Read f[0] - 200 - prefetcher reads next 8 bytes will take 200
Read f[1] - 10
Read f[2] - 10
Read f[3] - 10
Read f[4] - 10
Read f[5] - 10
Read f[6] - 10
Read f[7] - 10
Read f[8] - 130 - the remaining from the prefetcher read
Read f[9] - 10
...
versus
Read f[0].x - 200 - prefetcher reads next 8 bytes will take 200
Read f[1].x - 200 - outside prefetcher guess. No effect
Read f[2].x - 200
Read f[3].x - 200
Read f[4].x - 200
Read f[5].x - 200
Read f[6].x - 200
Read f[7].x - 200
Read f[8].x - 200
Read f[9].x - 200
...
So we have another advantage to having packed data. The "cache prefetcher" will anticipate our use.
In this simplistic scenario, we the "for" body is very small is hard to improve the situation of the "row" case.
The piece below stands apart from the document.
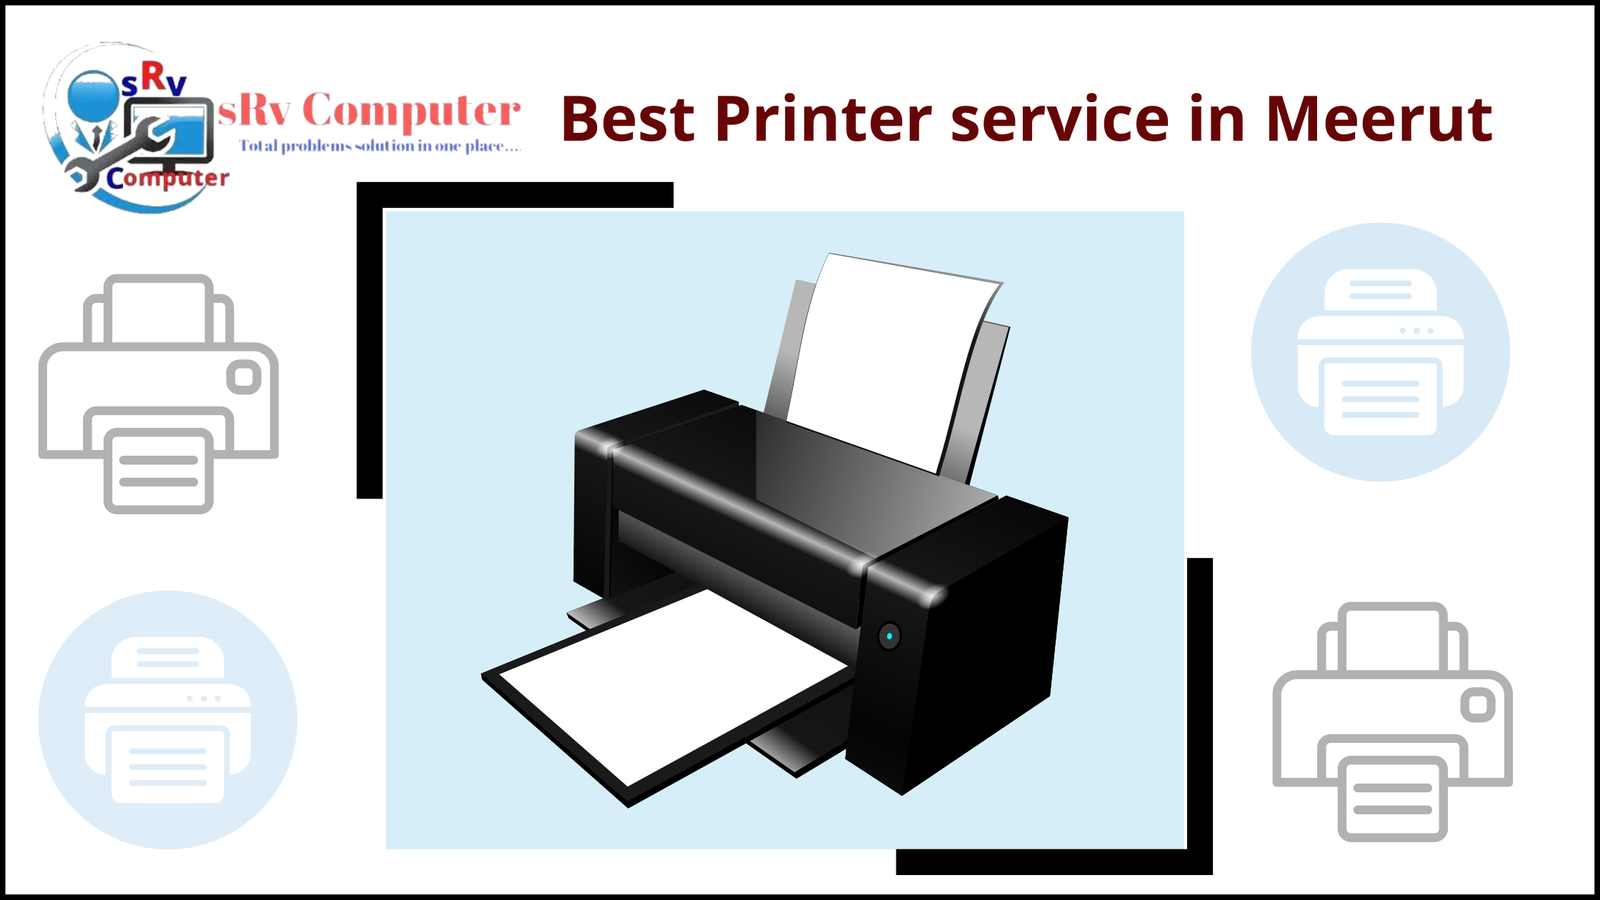 Best Printer service in Meerut
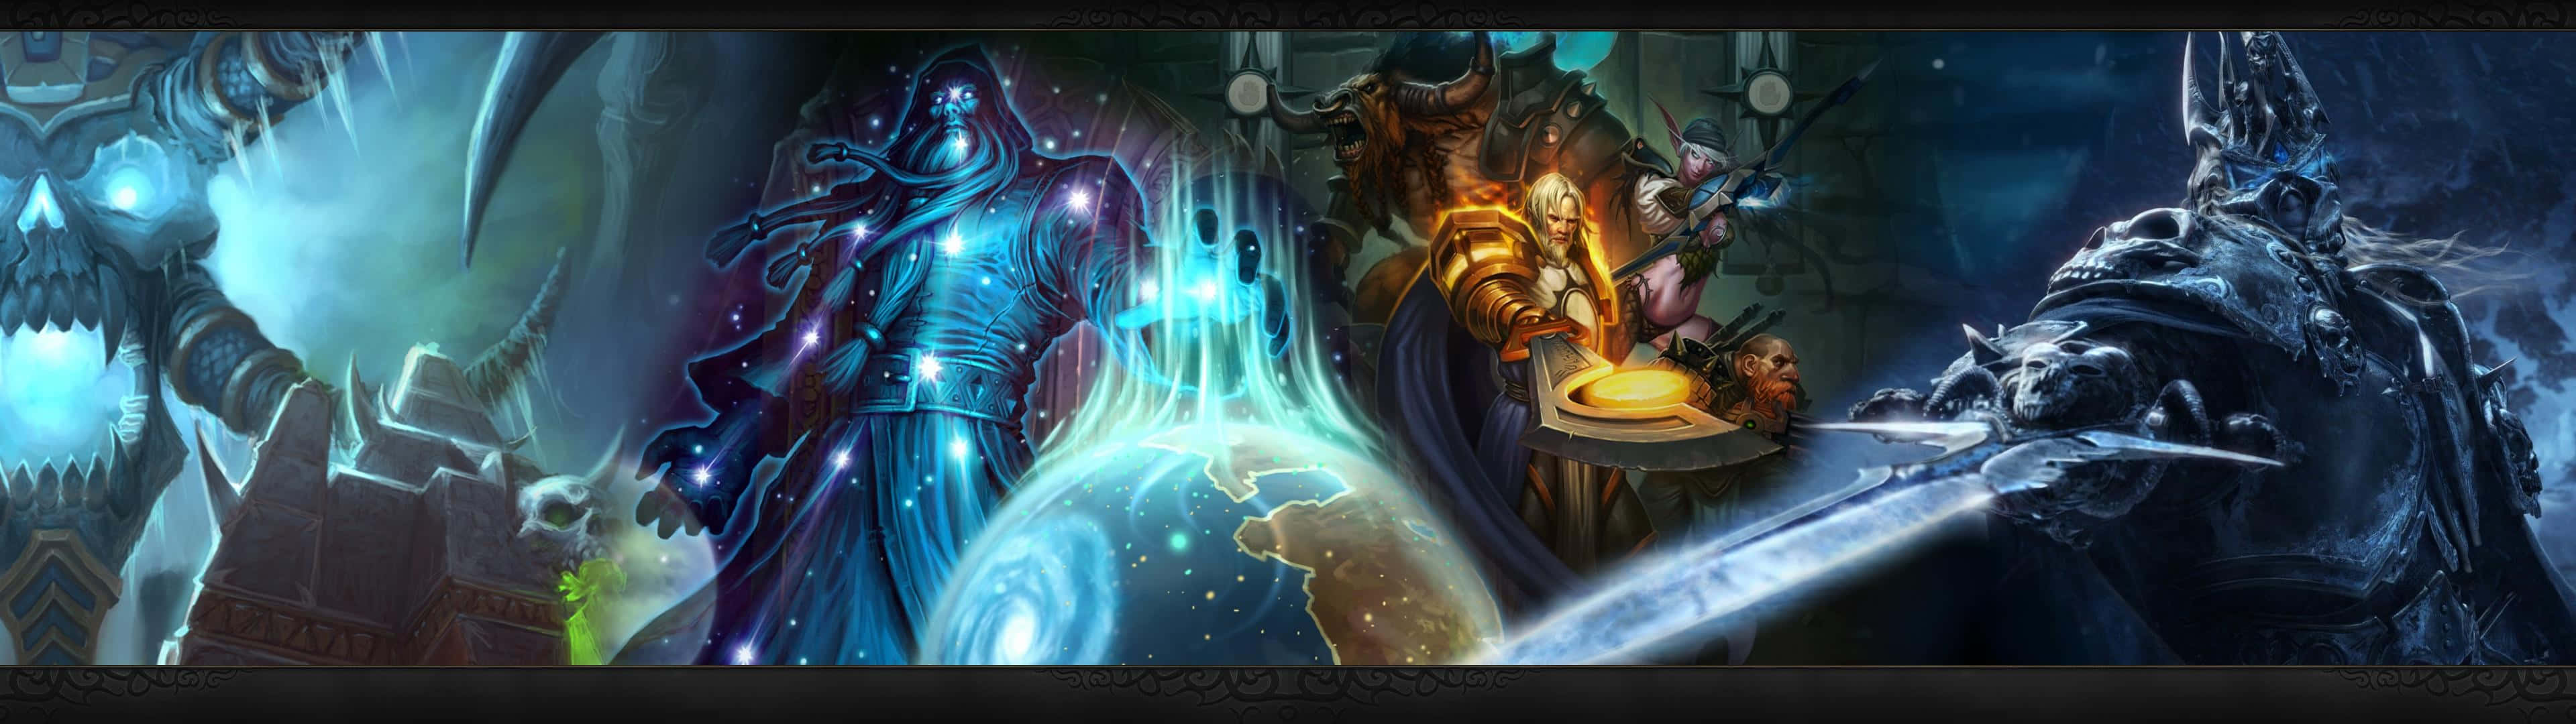 Warcraft 2 Banner Wallpaper

But one can always use some form of compiler intrinsics builtin to help the "cache prefetcher".
— Built-in Function: void __builtin_prefetch (const void *addr, ...)
This function is used to minimize cache-miss latency by moving data
into a cache before it is accessed.
https://gcc.gnu.org/onlinedocs/gcc-3.3.6/gcc/Other-Builtins.html
SomeData* arr = new SomeData[size];
float accum = 0;
for(int i = 0; i < size; ++i)
{
accum += arr[i].x;
__builtin_prefetch(&(arr[i+1].x), 1);
}
delete[] arr;
In this case this not only does not improve the performance, but can actually decrease, because the calculation of the next address is almost as costly as the calculation we do inside the for, doubling our work.